The tables hold key-value pairs to store information relating to the objects. A hash function is used to do fast lookups of values associated with a key. These key-value pairs are stored in a B+ tree for fast indexing of data locations. By storing the key-value pair in a balanced, searched tree format, like a B+ tree, the location of the data and metadata can be accessed quickly. In addition, to further enhance query performance of these logical tables, ECS implements a two-level log-structured merge (LSM) tree. Thus, there are two tree-like structures where a smaller tree is in memory (memory table) and the main B+ tree resides on disk. A lookup of key-value pairs first queries the memory table and if the value is not memory, it looks in the main B+ tree on disk.
Transaction history is recorded in journal logs, which are written to disks. The journals track the index transactions not yet committed to the B+ tree. After the transaction is logged into a journal, the memory table is updated. After the table in memory becomes full or after a set period of time, the table is merged, sorted, or dumped to B+ tree on disk. A checkpoint is then recorded in the journal. The following figure illustrates this process.
Both the journals and B+ trees are written to chunks.
ECS uses several different tables, and each table can get quite large. To optimize performance of table lookups, each table is divided into partitions that are distributed across the nodes in a VDC/site. The node where the partition is written becomes the owner or authority of that partition or section of the table.

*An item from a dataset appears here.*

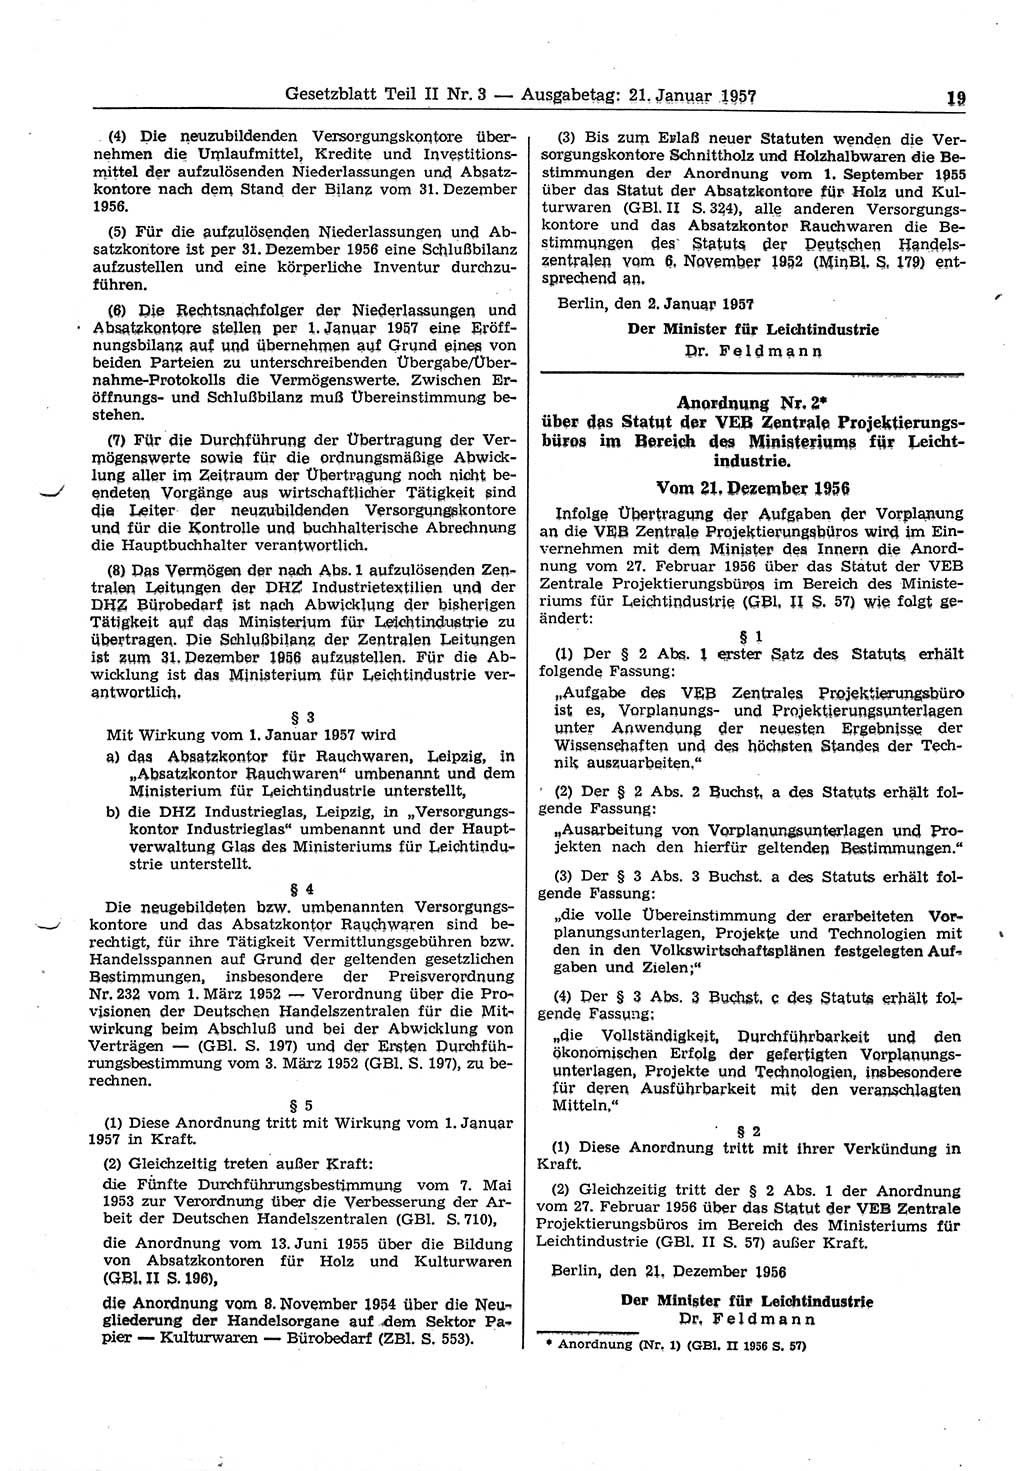 Gesetzblatt (GBl.) der Deutschen Demokratischen Republik (DDR) Teil ⅠⅠ 1957, Seite 19 (GBl. DDR ⅠⅠ 1957, S. 19)
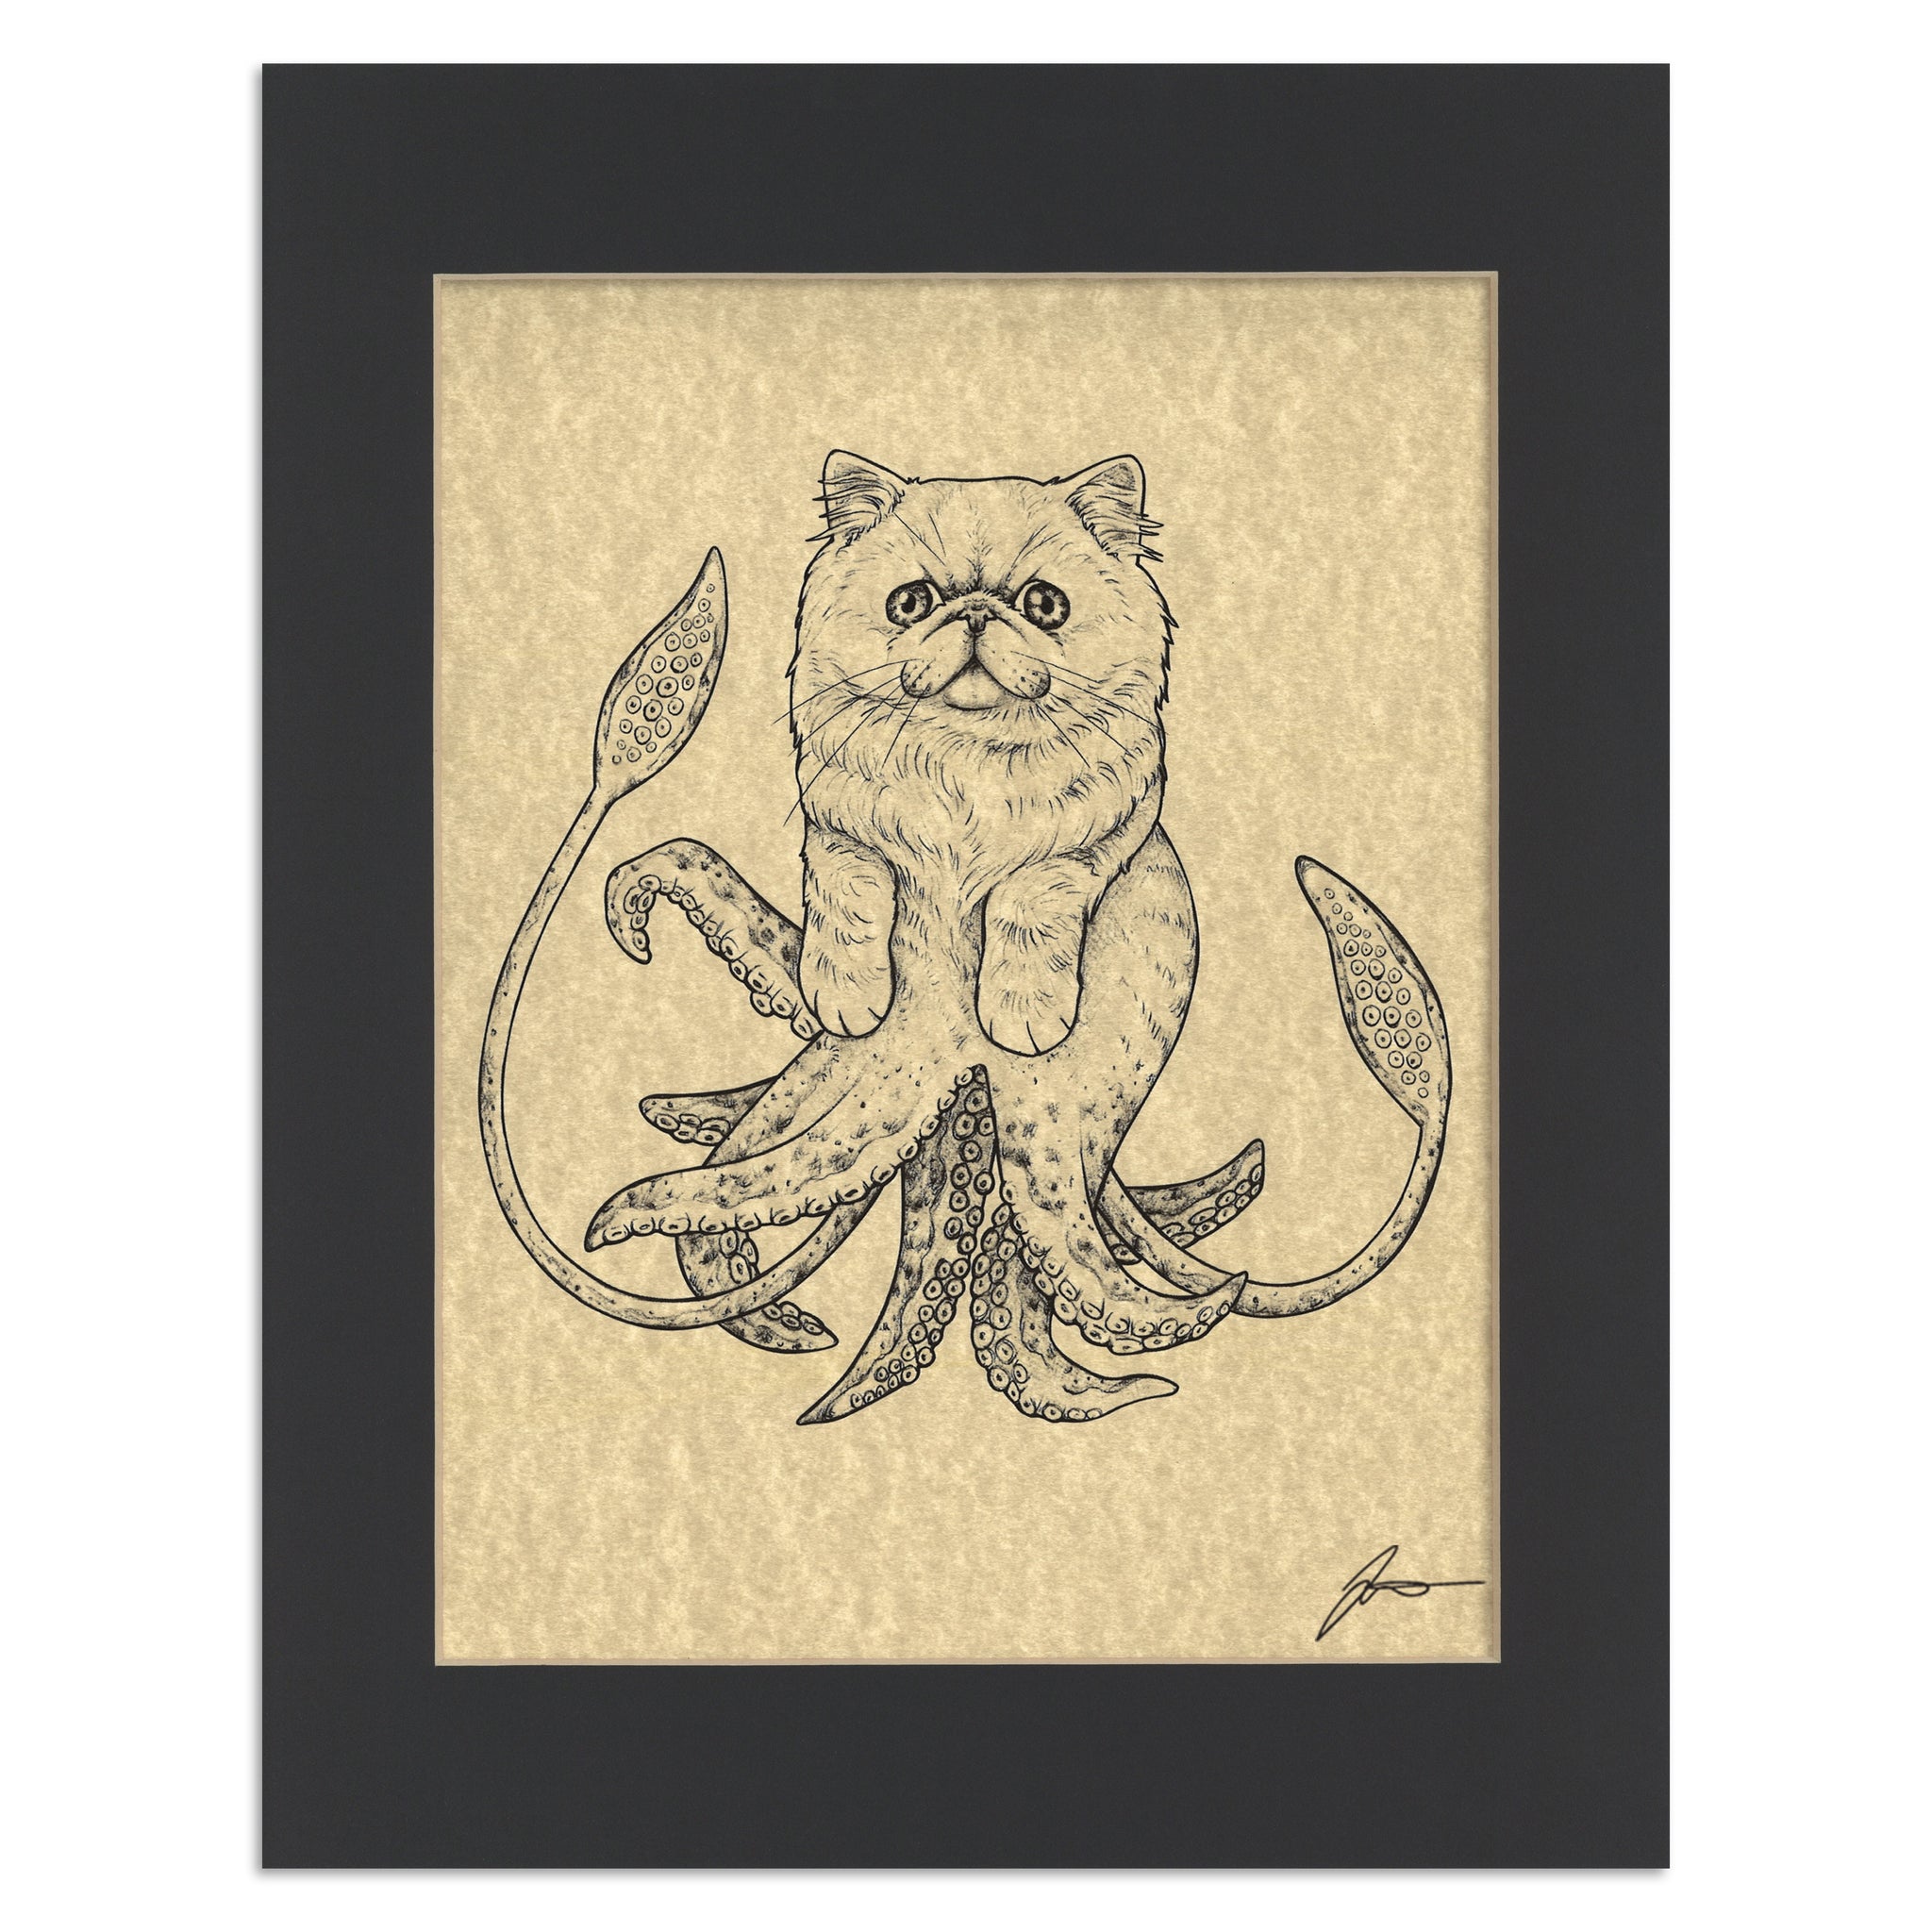 Squitten | Squid + Kitten Hybrid Animal | 11x14" Parchment Print

One such table is a chunk table, which tracks the physical location of chunk fragments and replica copies on disk. The following table shows a sample of a partition of the chunk table. Each chunk identifies its physical location by listing the disk within the node, the file within the disk, the offset within that file, and the length of the data. Chunk ID C1 is erasure coded, and chunk ID C2 is triple mirrored. For more details about triple mirroring and erasure coding, see Advanced data-protection methods.
Chunk ID | Chunk location |
C1 | Node1:Disk1:file1:offset1:length Node2:Disk1:File1:offset1:length Node3:Disk1:File1:offset1:length Node4:Disk1:File1:offset1:length Node5:Disk1:File1:offset1:length Node6:Disk1:File1:offset1:length Node7:Disk1:File1:offset1:length Node8:Disk1:File1:offset1:length Node1:Disk2:File1:offset1:length Node2:Disk2:File1:offset1:length Node3:Disk2:File1:offset1:length Node4:Disk2:File1:offset1:length Node5:Disk2:File1:offset1:length Node6:Disk2:File1:offset1:length Node7:Disk2:File1:offset1:length Node8:Disk2:File1:offset1:length |
C2 | Node1:Disk3:File1:offset1:length Node2:Disk3:File1:offset1:length Node3:Disk3:File1:offset1:length |
Another example is an object table, which is used for object name to chunk mapping. The following table shows an example of a partition of an object table that lists the chunk or chunks and shows where an object resides in the chunk or chunks.
Object name | Chunk ID |
ImgA | C1:offset:length |
FileA | C4:offset:length C6:offset:length |
A service called vnest, which runs on all nodes, maintains the mapping of table partition owners. The following table shows an example of a portion of a vnest mapping table.
Table ID | Table partition owner |
Table 0 P1 | Node 1 |
Table 0 P2 | Node 2 |